As though facing opposition from small traders is not enough, Mukesh Ambani’s Reliance Retail now has to face a battle against brother Anil Dhirubhai Ambani group who has chalked out plans to go into what is described as Mobi-Retail.
Under this scheme, the younger Ambani will offer estimated 35 million subscribers of Reliance Communications the benefit of purchasing through mobiles 100,000 products ranging from fresh vegetables to groceries, readymade garments, toys and electronics, say media reports.
These products could be delivered at the consumer’s home or be picked up from a delivery point. The group will leverage over 300,000 outlets in 10,000 towns in formats like Reliance World, Reliance World Express, Reliance Money, Reliance Insurance, Big Flicks, and Adlabs as the delivery points.
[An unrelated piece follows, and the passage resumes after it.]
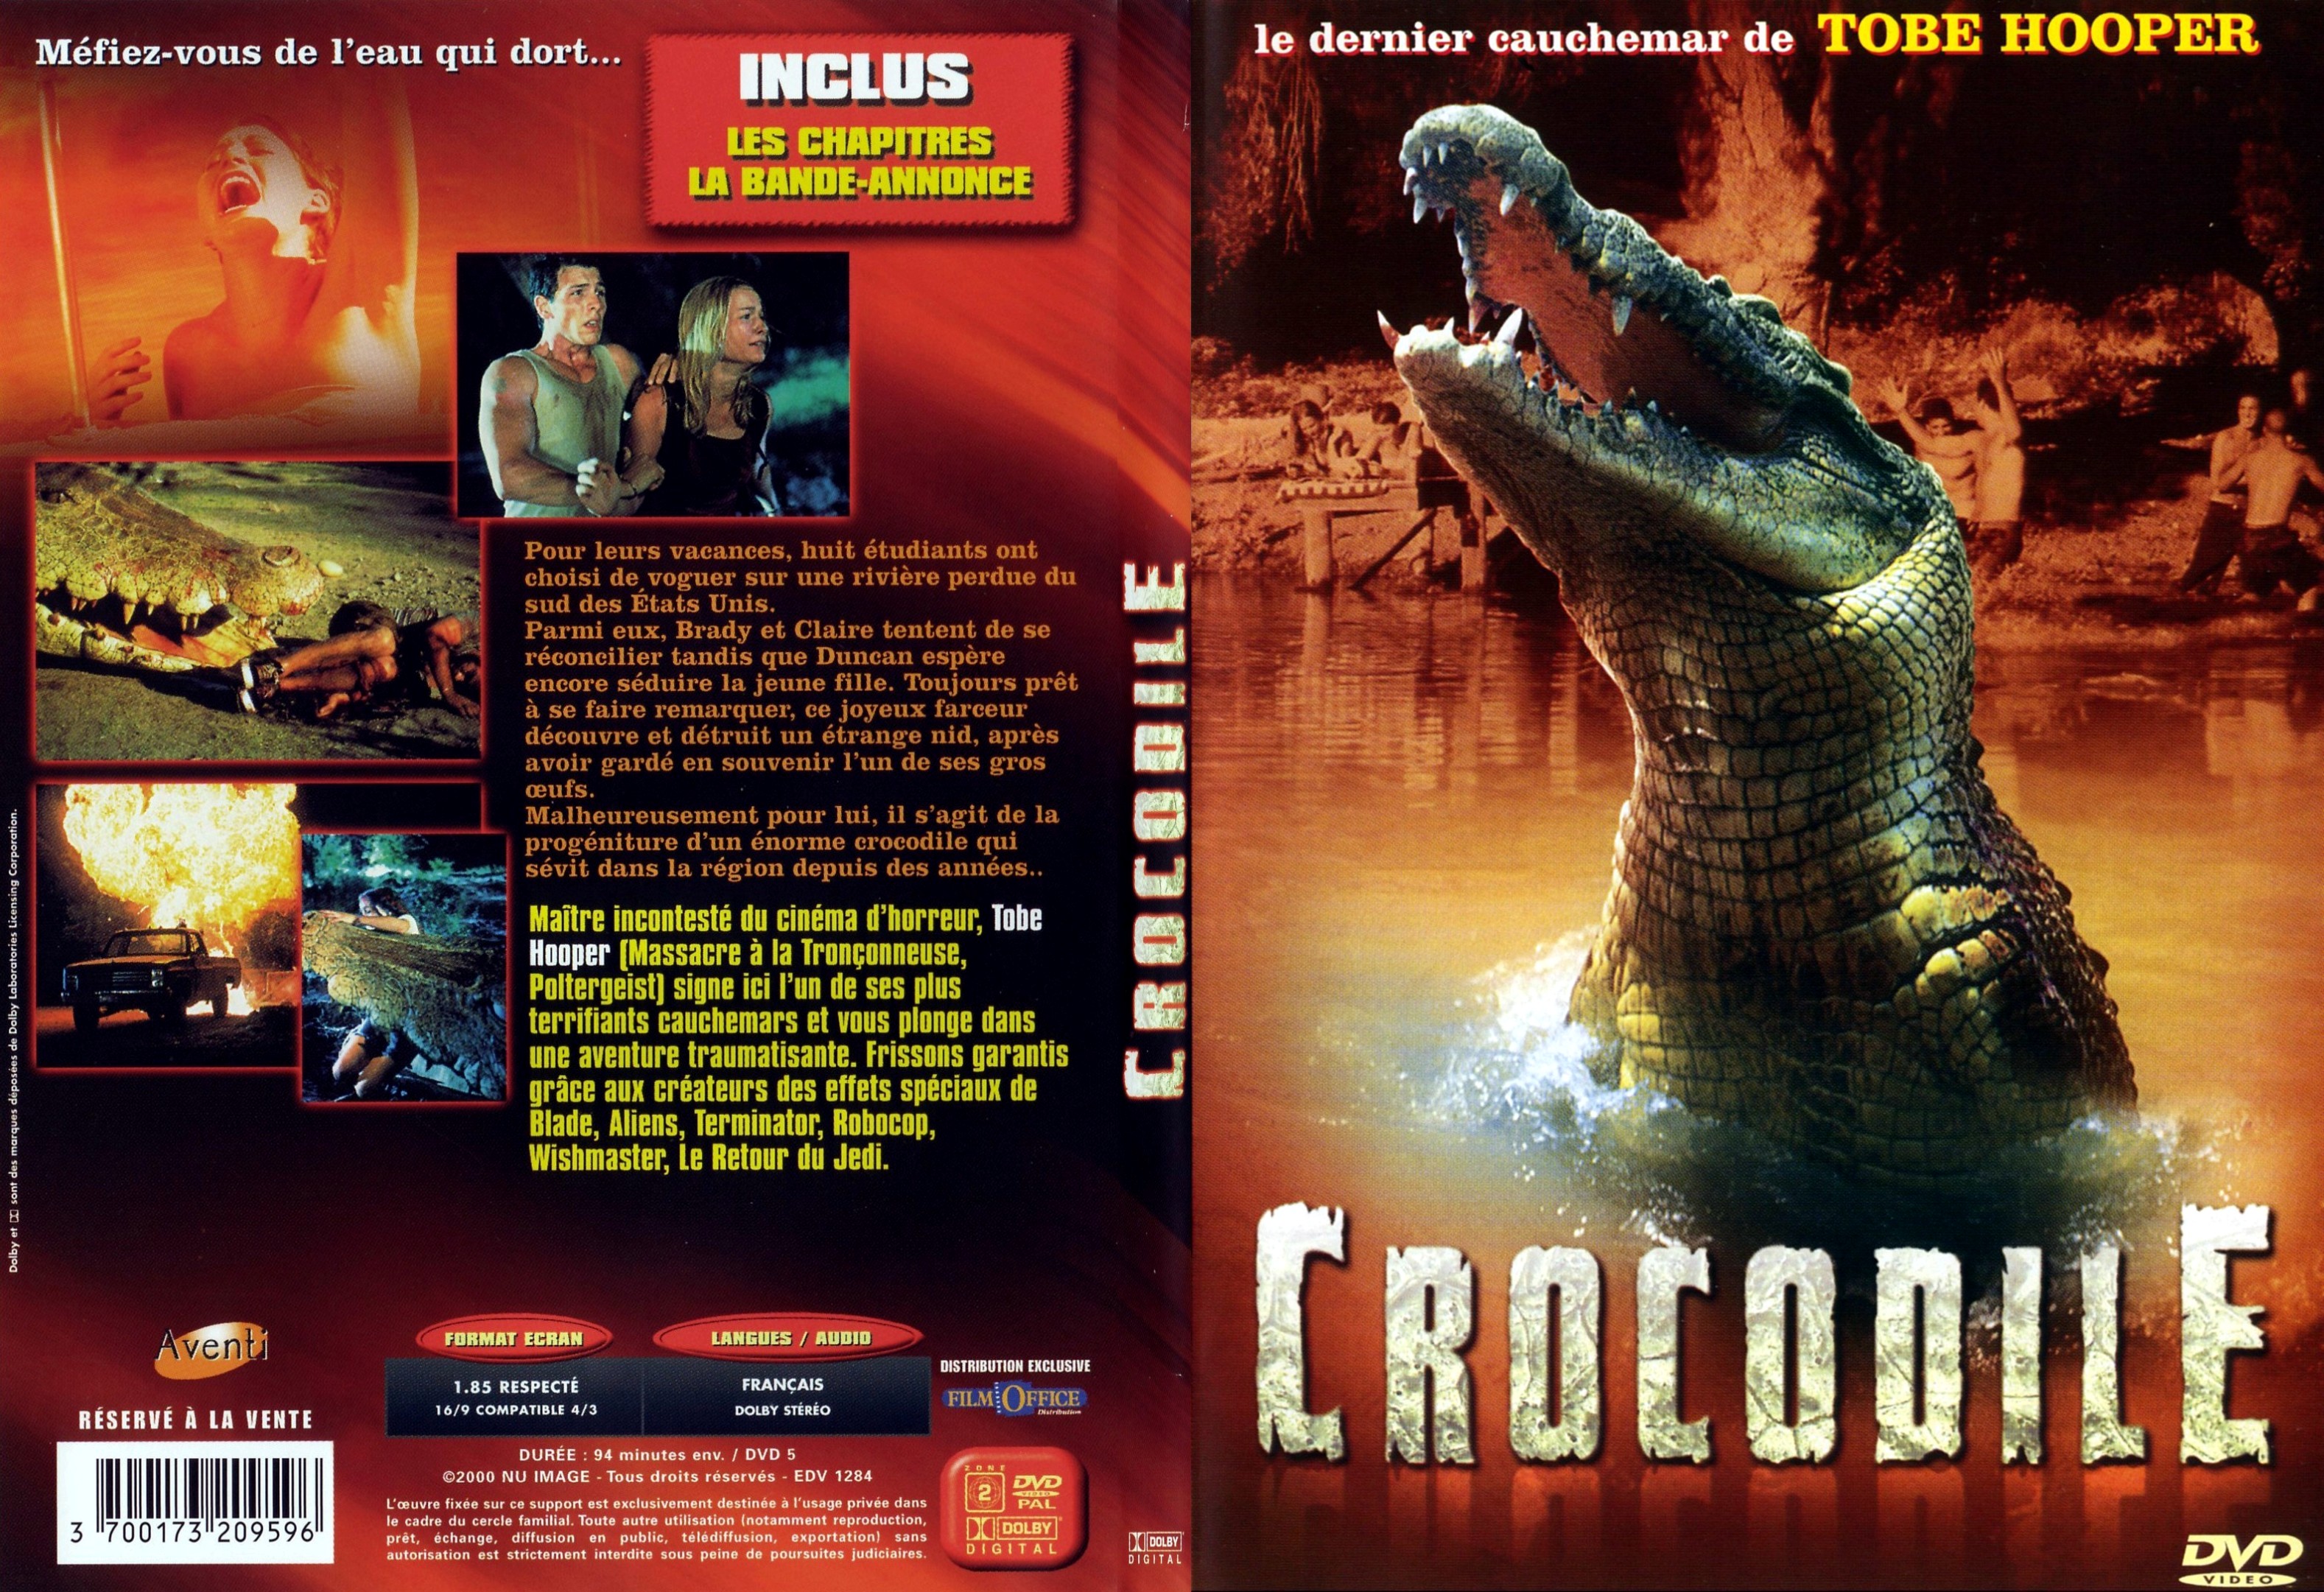 Jaquette DVD Crocodile - SLIM v2

An expert group has been formed and sources indicated that the group hopes to make it operational in the first quarter of 2008.
The group has targeted a turnover of over Rs 4,000 crore (Rs 40 billion) from this venture in the first year itself.
Reliance Communications is working on creating an easy menu on the phone (for both CDMA and GSM customers) and has already started initial testing.
The company is eyeing over 10 million square feet of mobile screen space.
The investment needed for such a format of retailing could be 80 per cent lower than a brick and mortar retailing model. As a result, net margins are expected to be much higher in such a model.
The company has already started talks with suppliers to create a pan-Indian vendor base though the experience of mobi-retail may not be the same as going to a mall.